=== What you are asked to do ===
Can you print the data exactly and leave out each image?

=== Data shown ===
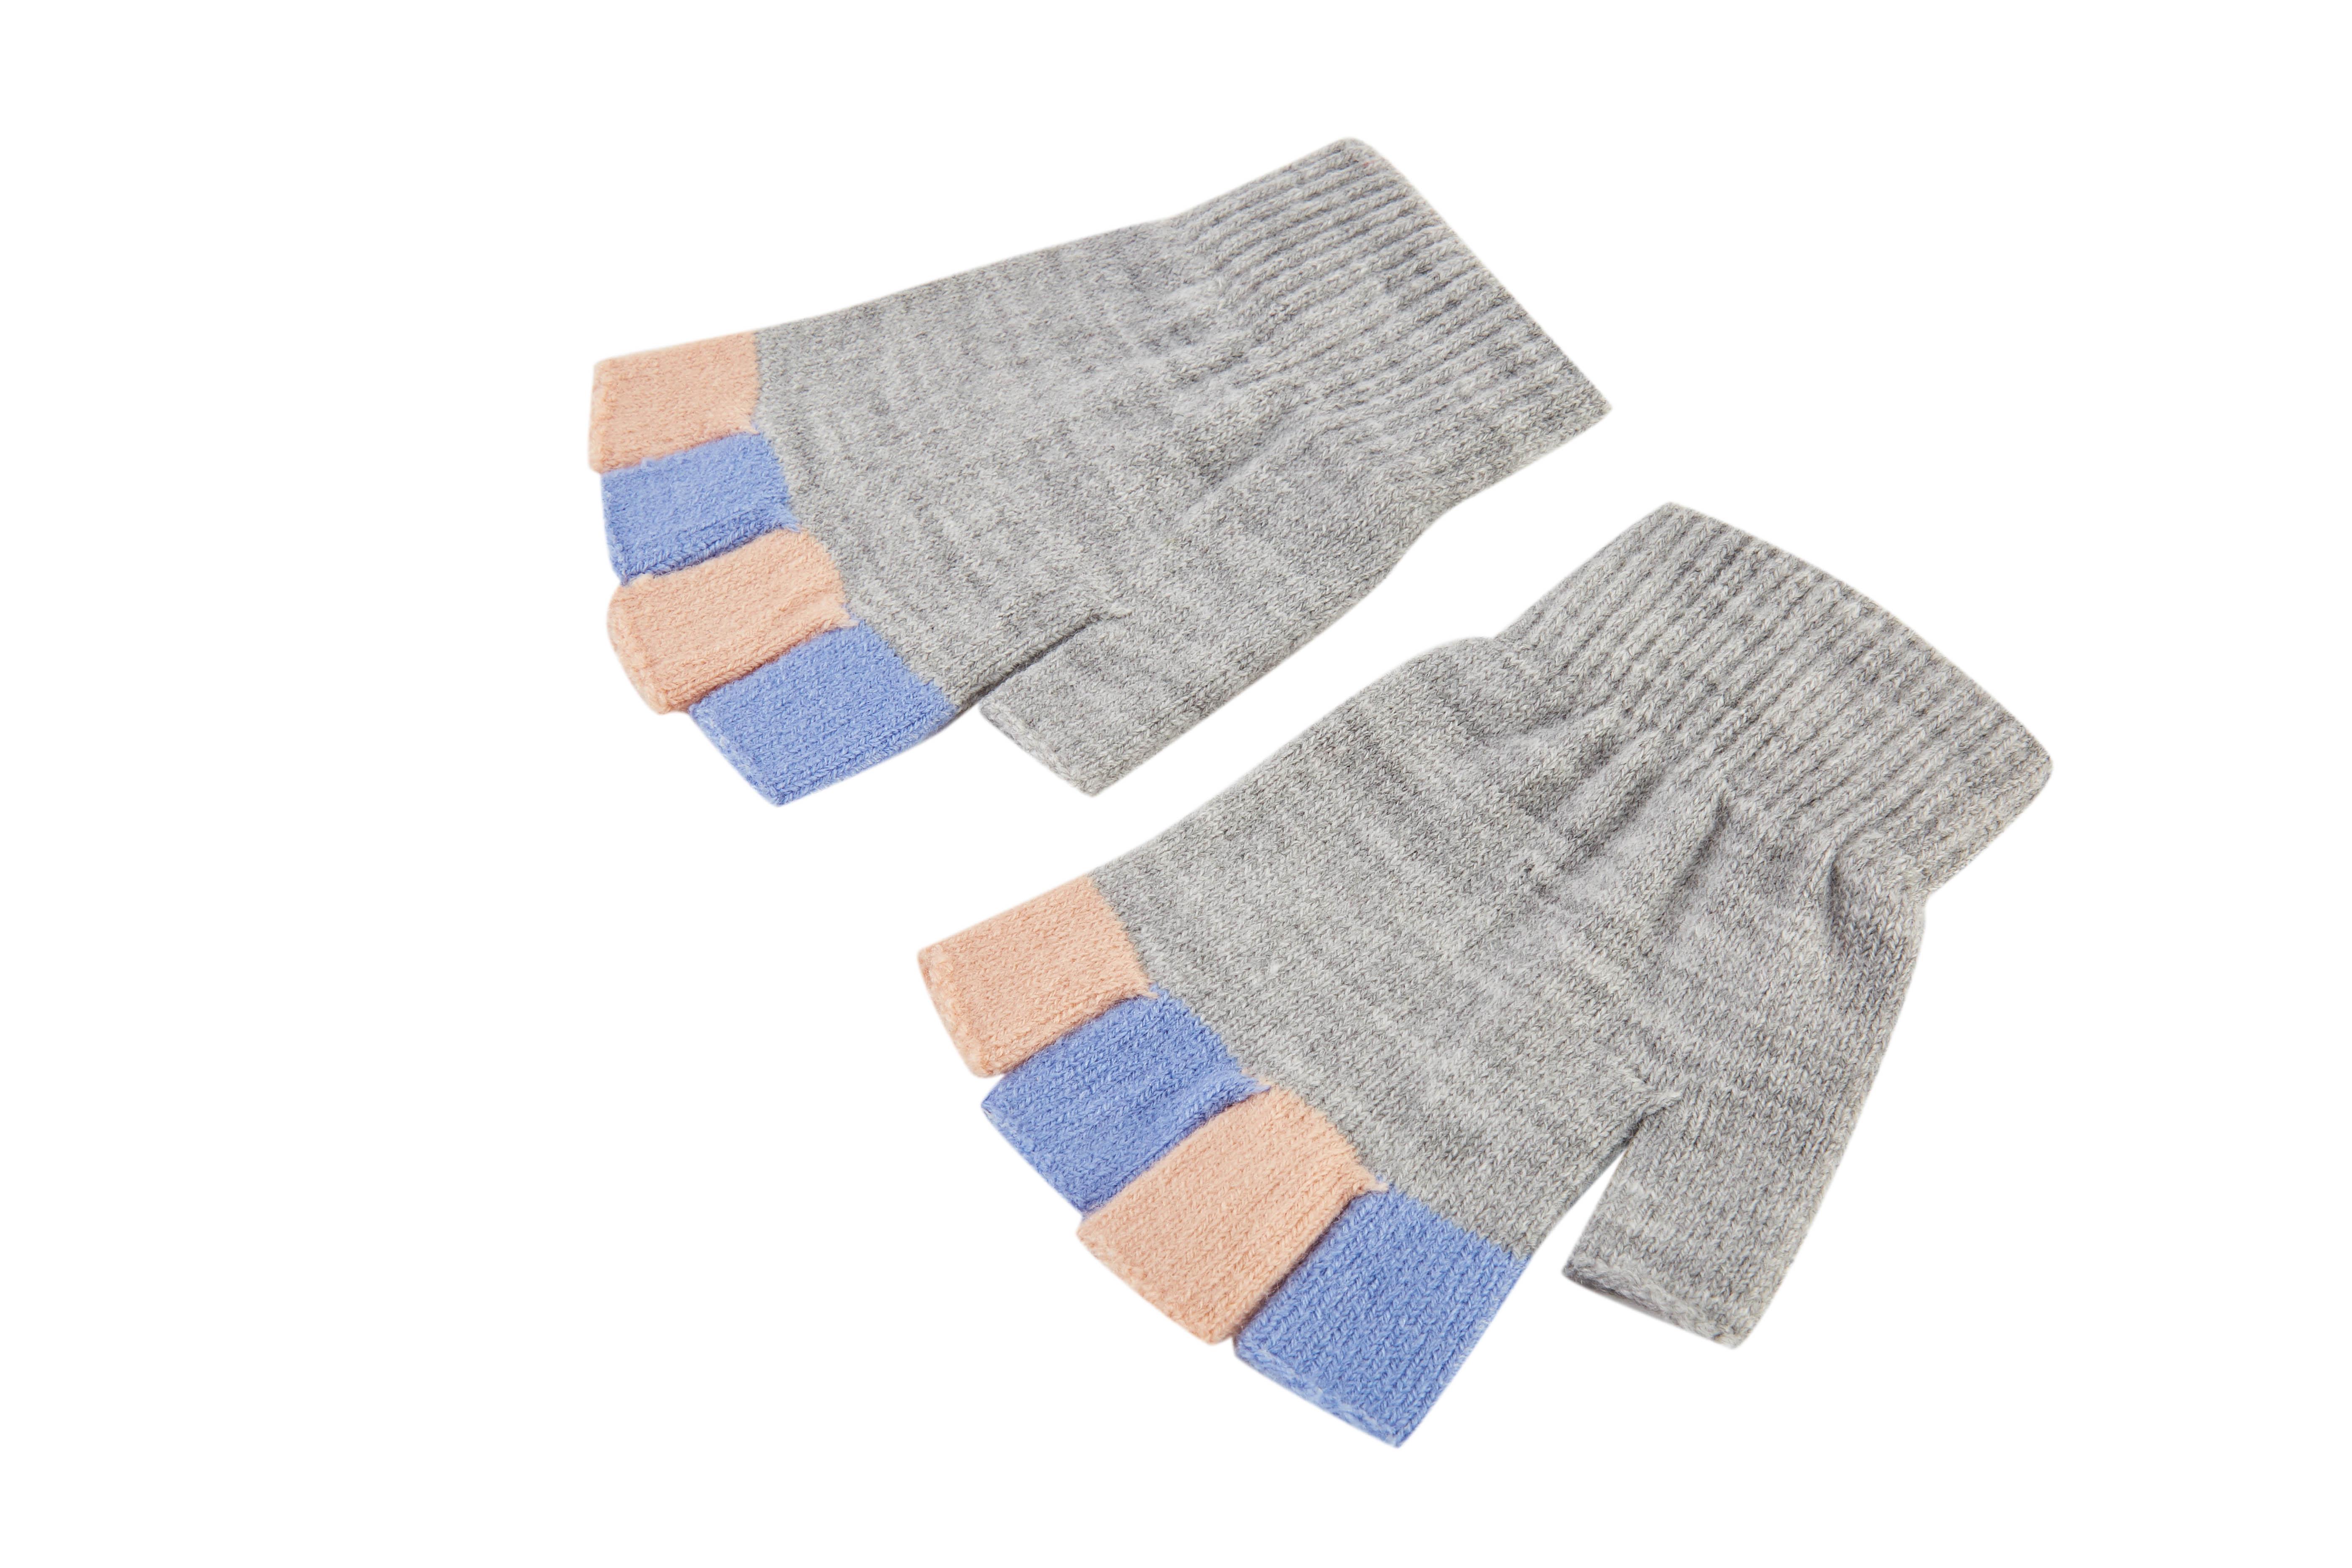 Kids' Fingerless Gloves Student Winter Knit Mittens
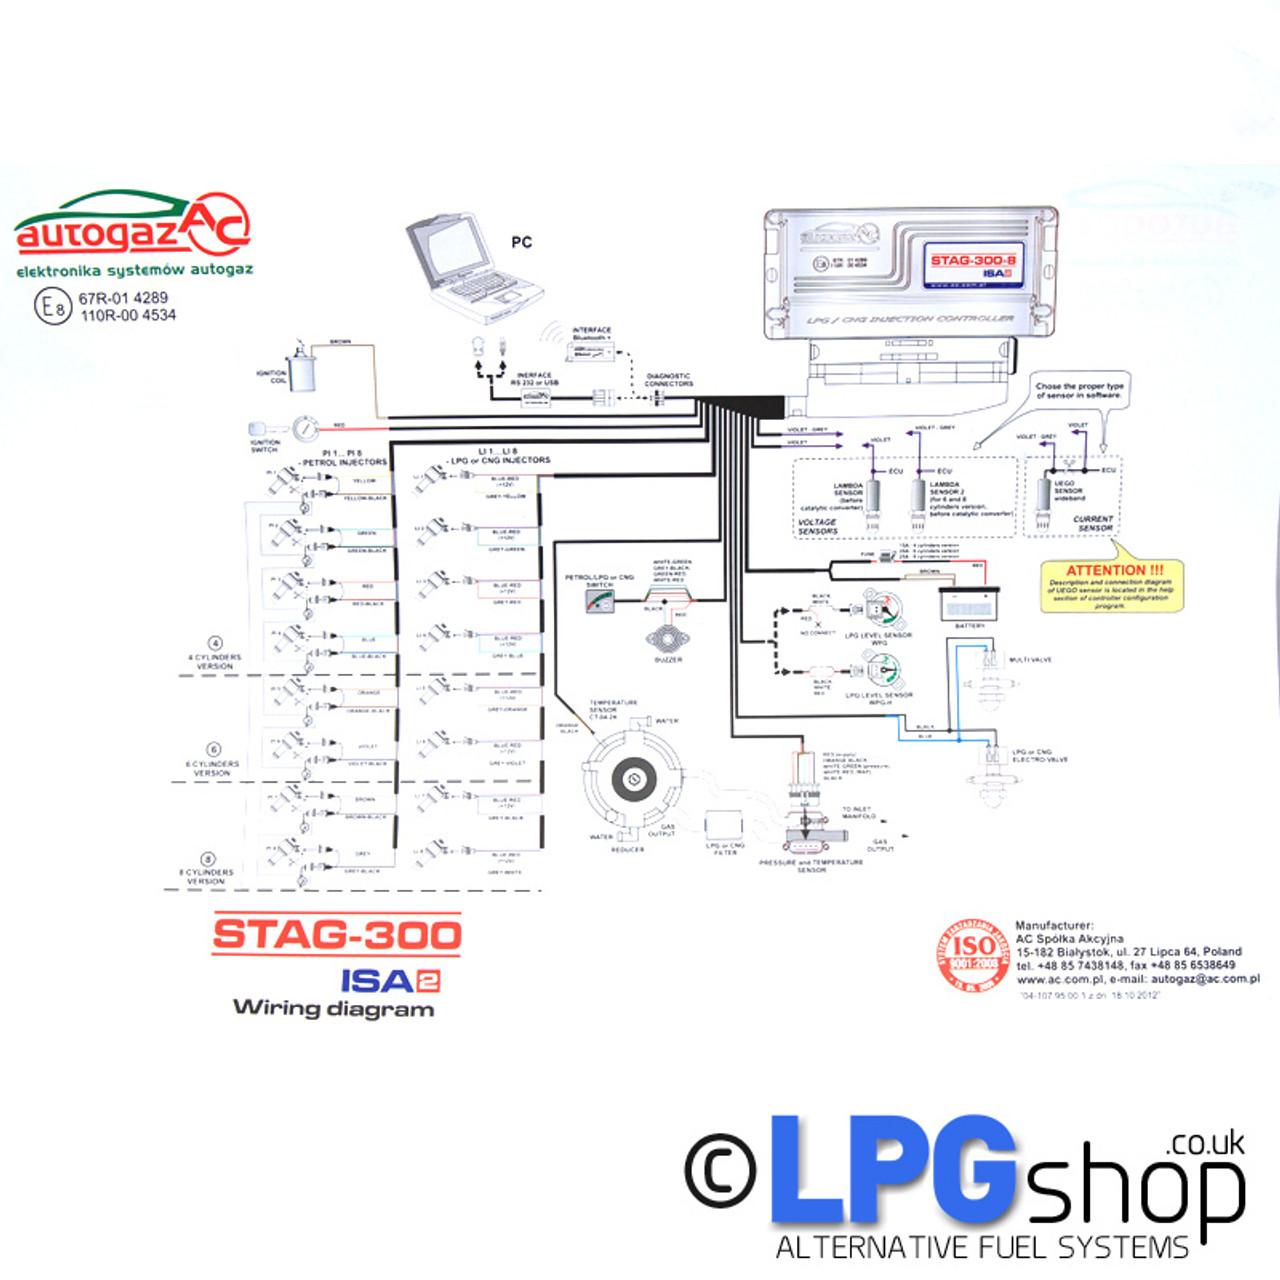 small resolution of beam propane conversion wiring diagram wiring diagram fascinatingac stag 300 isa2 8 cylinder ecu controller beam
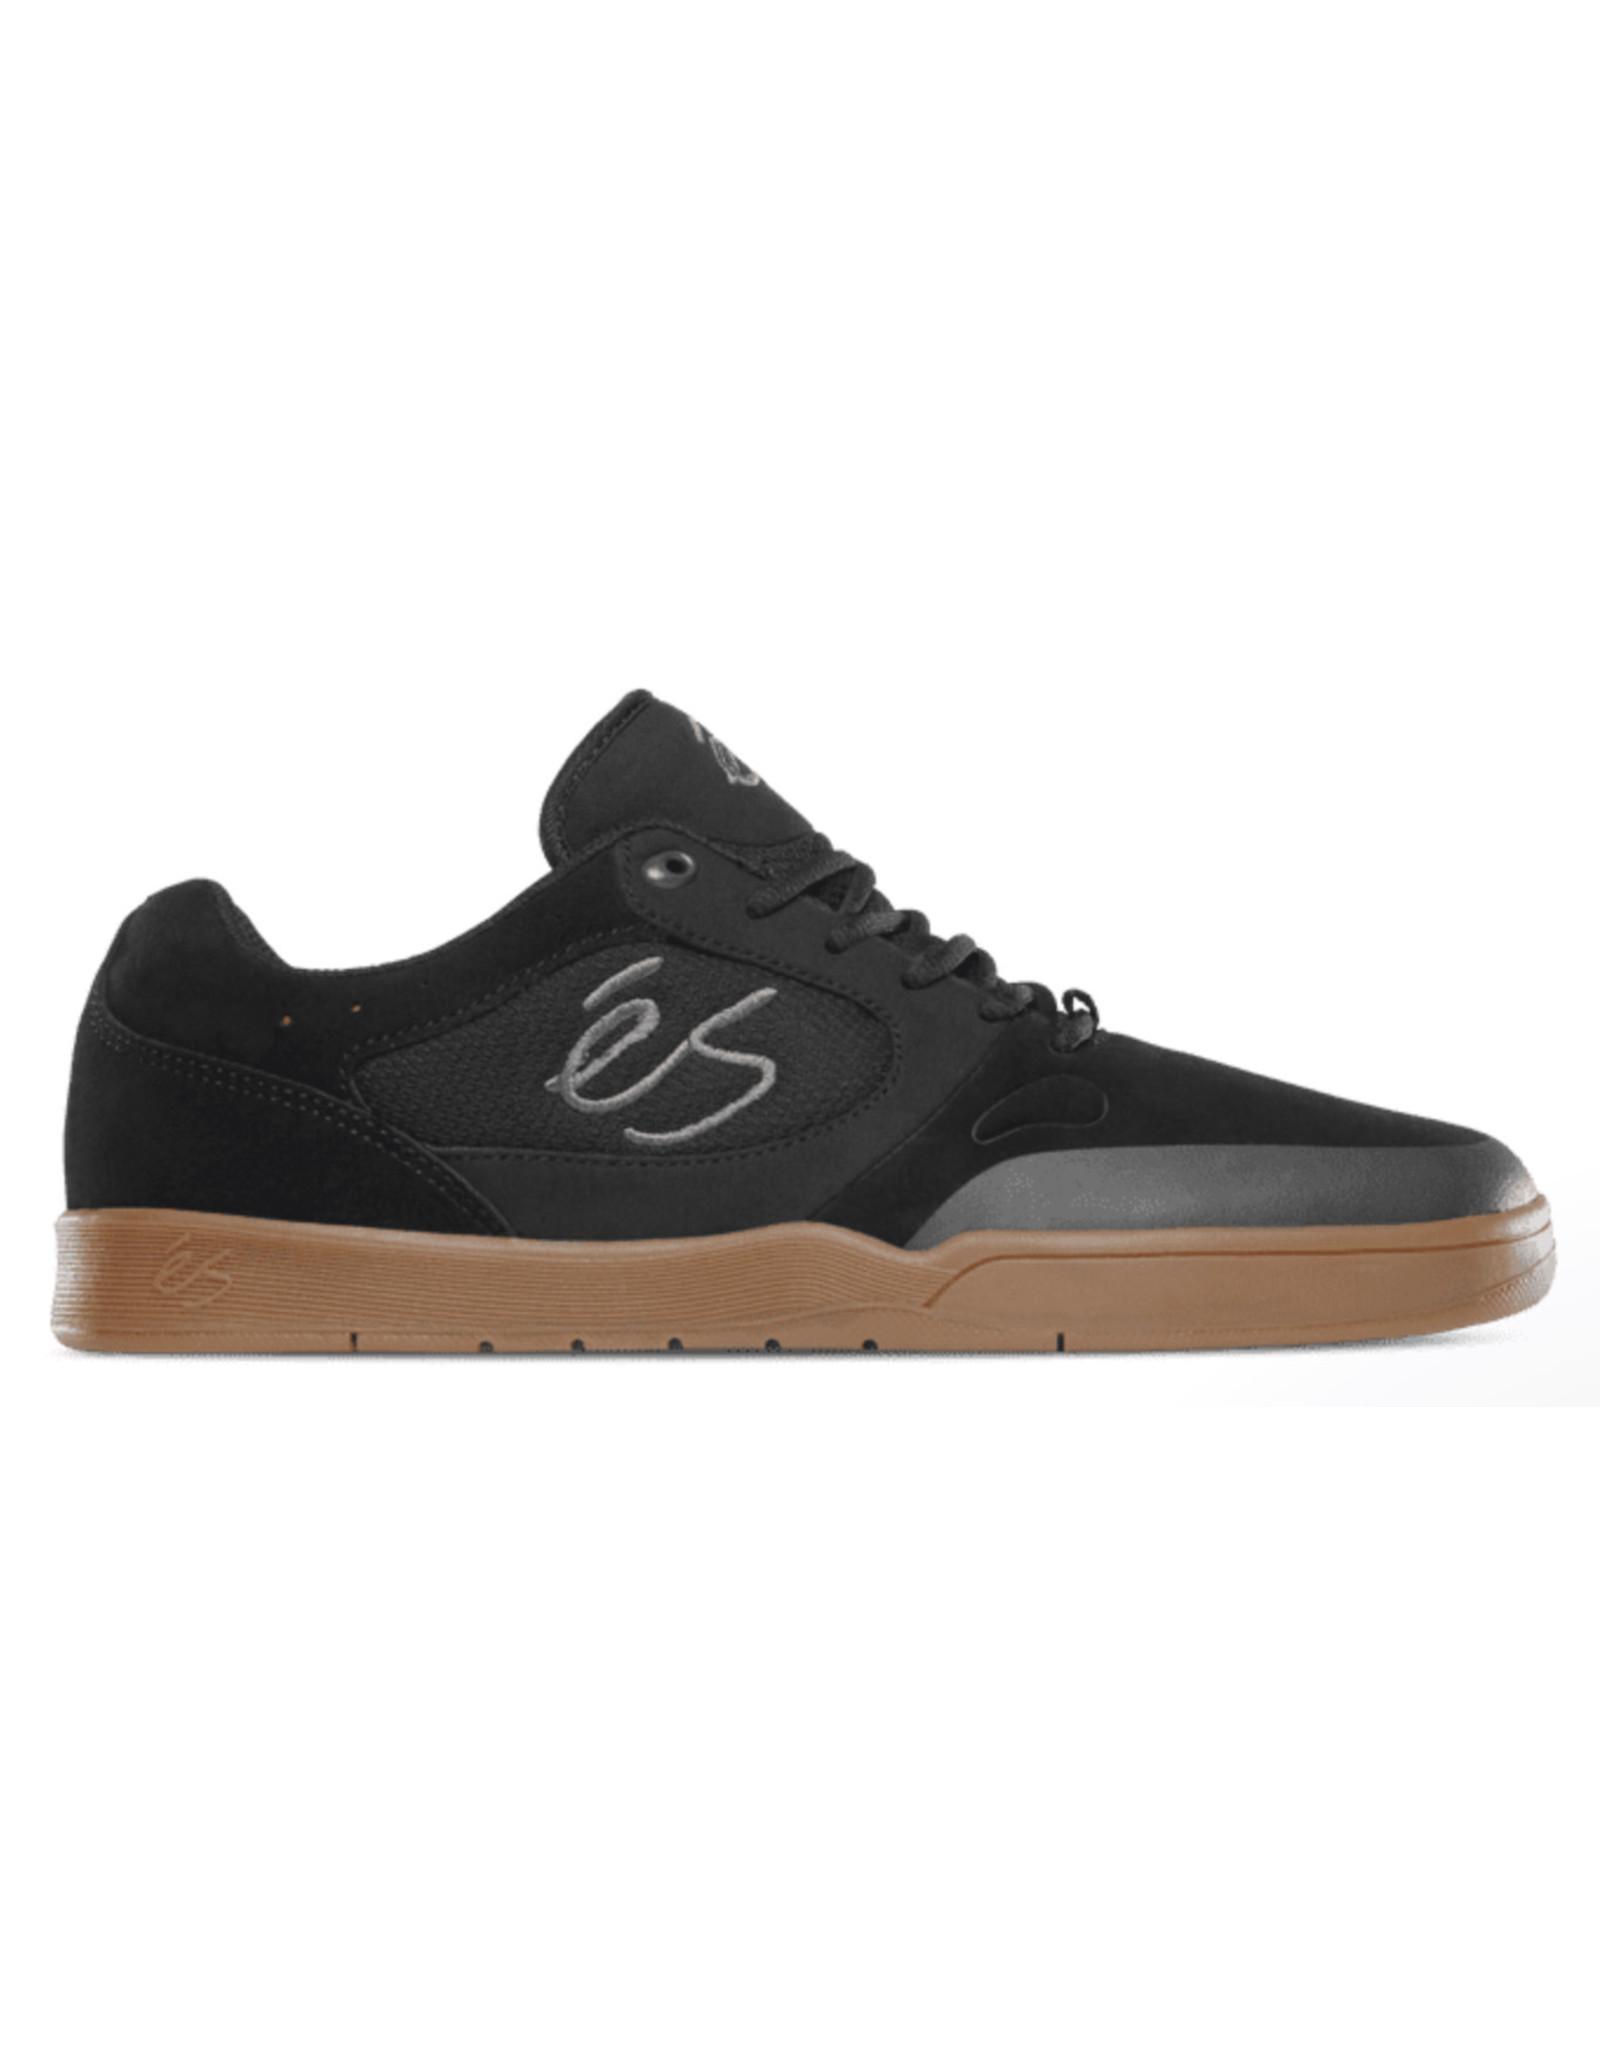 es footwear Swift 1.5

=== Answer area ===
 Kids' Fingerless Gloves Student Winter Knit Mittens
 small resolution of beam propane conversion wiring diagram wiring diagram fascinatingac stag 300 isa2 8 cylinder ecu controller beam
 es footwear Swift 1.5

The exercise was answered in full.